Finally, some visualization of the data at hand: The code below shows the dynamics of the traded prices (red points) and the quoted prices at the higher order book levels.

orderbook_trades = orderbook.loc[orderbook["type"].isin([4, 5]), ["ts", "m_price"]]

ob_minute = (
    orderbook.assign(ts_new=lambda d: d["ts"].dt.floor("min"))
    .groupby("ts_new", as_index=False)
    .last()
    .drop(columns="ts_new")
)
quote_cols = [c for c in ob_minute.columns if c.startswith(("ask_", "bid_"))]
long_df = (
    ob_minute[["ts"] + quote_cols]
    .melt(id_vars="ts", var_name="key", value_name="value")
)
parts = long_df["key"].str.split("_", expand=True)
long_df["side"] = parts[0]
long_df["variable"] = parts[1]
long_df["level"] = parts[2].astype(int)
orderbook_quotes = (
    long_df.pivot_table(
        index=["ts", "side", "level"], columns="variable", values="value"
    )
    .reset_index()
    .dropna(subset=["price"])
)
orderbook_quotes["size_norm"] = orderbook_quotes["size"] / orderbook_quotes["size"].max()
orderbook_quotes["level"] = pd.Categorical(orderbook_quotes["level"])

(
    ggplot()
    + theme_bw()
    + geom_point(
        orderbook_quotes,
        aes(x="ts", y="price", color="level", size="size_norm"),
        alpha=0.1,
    )
    + geom_point(orderbook_trades, aes(x="ts", y="m_price"), color="red")
    + labs(title="Orderbook Dynamics", y="Price", x="")
    + theme(
        panel_grid_major=element_blank(),
        panel_grid_minor=element_blank(),
        legend_position="none",
    )
)
<plotnine.ggplot.ggplot object at 0x00000233BB62F090>

Brownian Motion and realized volatility

In this exercise, you will analyze the empirical properties of the (geometric) Brownian motion based on a simulation study.
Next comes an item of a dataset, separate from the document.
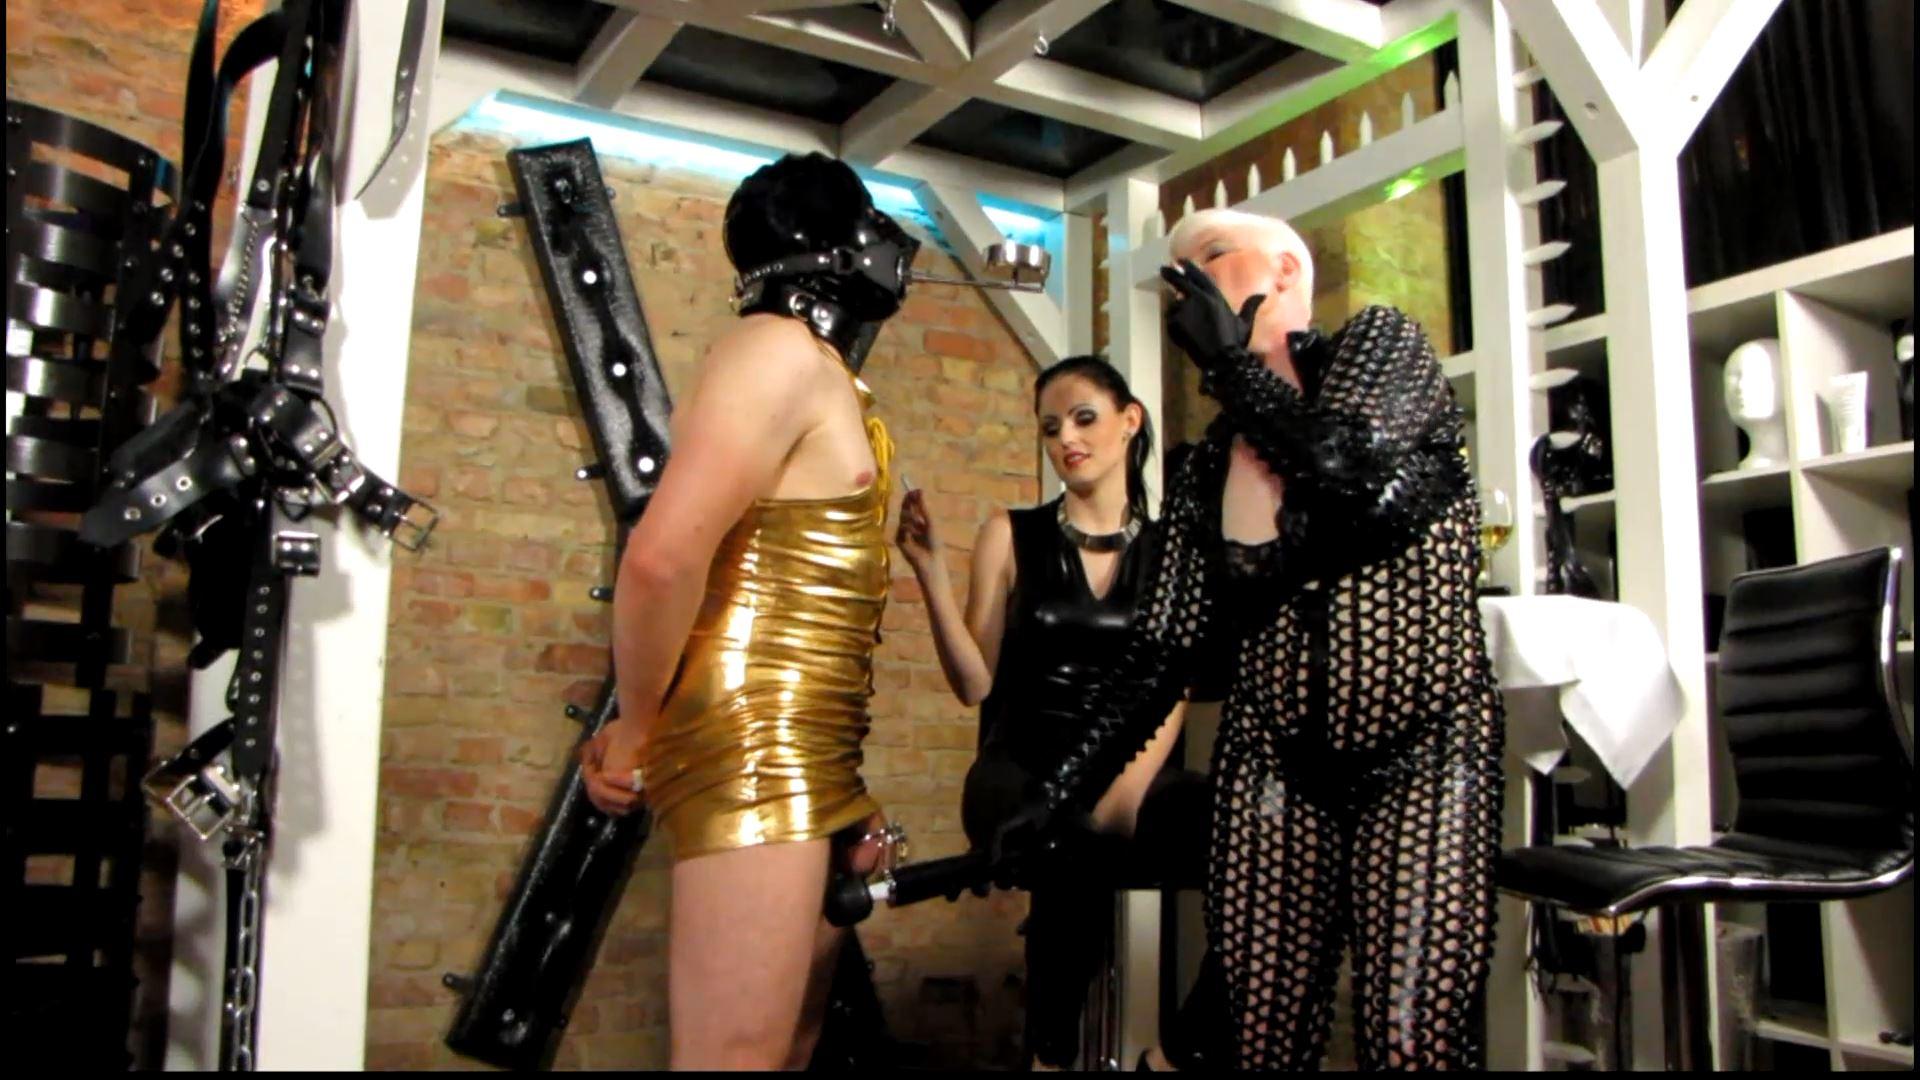 Mistress Blackdiamoond In Scene: Chastity Put To The Test - CLIPS4SALE / MISTRESS BLACKDIAMOOND - FULL HD/1080p/MP4

Such simulation studies can also be helpful for various applications in continuous time finance, e.g., option pricing.

Finance theory suggests that prices must be so-called semimartingales. The most commonly used semimartingale is the Geometric Brownian Motion (GBM), where we assume that the logarithm of the stock price \(S_t\), \(X_t = \log(S_t)\) follows the following dynamic \[ X_t = X_0 + \mu t + \sigma W_t \] where \(\mu\) and \(\sigma\) are constants and \(W_t\) is a Brownian motion.

Exercises:

  • Write a function that simulates (log) stock prices according to the model above. Recall that the Brownian motion has independent increments which are normally distributed. The function should generate a path of the log stock price with a pre-defined number of observations (granularity), drift term, and volatility. Then, plot one sample path of the implied (log) stock price.
  • Use the function to simulate a large number of geometric Brownian motions. Illustrate the quadratic variation of the process.
  • Compute the realized volatility for each simulated process and illustrate the sampling distribution.
  • Finally, consider the infill asymptotics. Show the effect of sampling once per day, once per hour, once per minute, and so on on the variance of the realized volatility.

Solutions:

For this exercise, I use some functionalities from the xts and highfrequency packages, particularly for aggregation at different frequencies.

library(dplyr)
library(tidyr)
library(xts)
Loading required package: zoo

Attaching package: 'zoo'
The following objects are masked from 'package:base':

    as.Date, as.Date.numeric

######################### Warning from 'xts' package ##########################
#                                                                             #
# The dplyr lag() function breaks how base R's lag() function is supposed to  #
# work, which breaks lag(my_xts). Calls to lag(my_xts) that you type or       #
# source() into this session won't work correctly.                            #
#                                                                             #
# Use stats::lag() to make sure you're not using dplyr::lag(), or you can add #
# conflictRules('dplyr', exclude = 'lag') to your .Rprofile to stop           #
# dplyr from breaking base R's lag() function.                                #
#                                                                             #
# Code in packages is not affected. It's protected by R's namespace mechanism #
# Set `options(xts.warn_dplyr_breaks_lag = FALSE)` to suppress this warning.  #
#                                                                             #
###############################################################################

Attaching package: 'xts'
The following objects are masked from 'package:dplyr':

    first, last
library(highfrequency)
Warning: package 'highfrequency' was built under R version 4.5.3
library(purrr)

library(ggplot2)
library(lubridate)

Note: When loading xts and the tidyverse jointly, you may run into serious issues if you do not consider naming conflicts! Especially the convenient functions last and first from dplyr may be affected. For that purpose, I consistently use dplyr::first and dplyr::last in this chapter.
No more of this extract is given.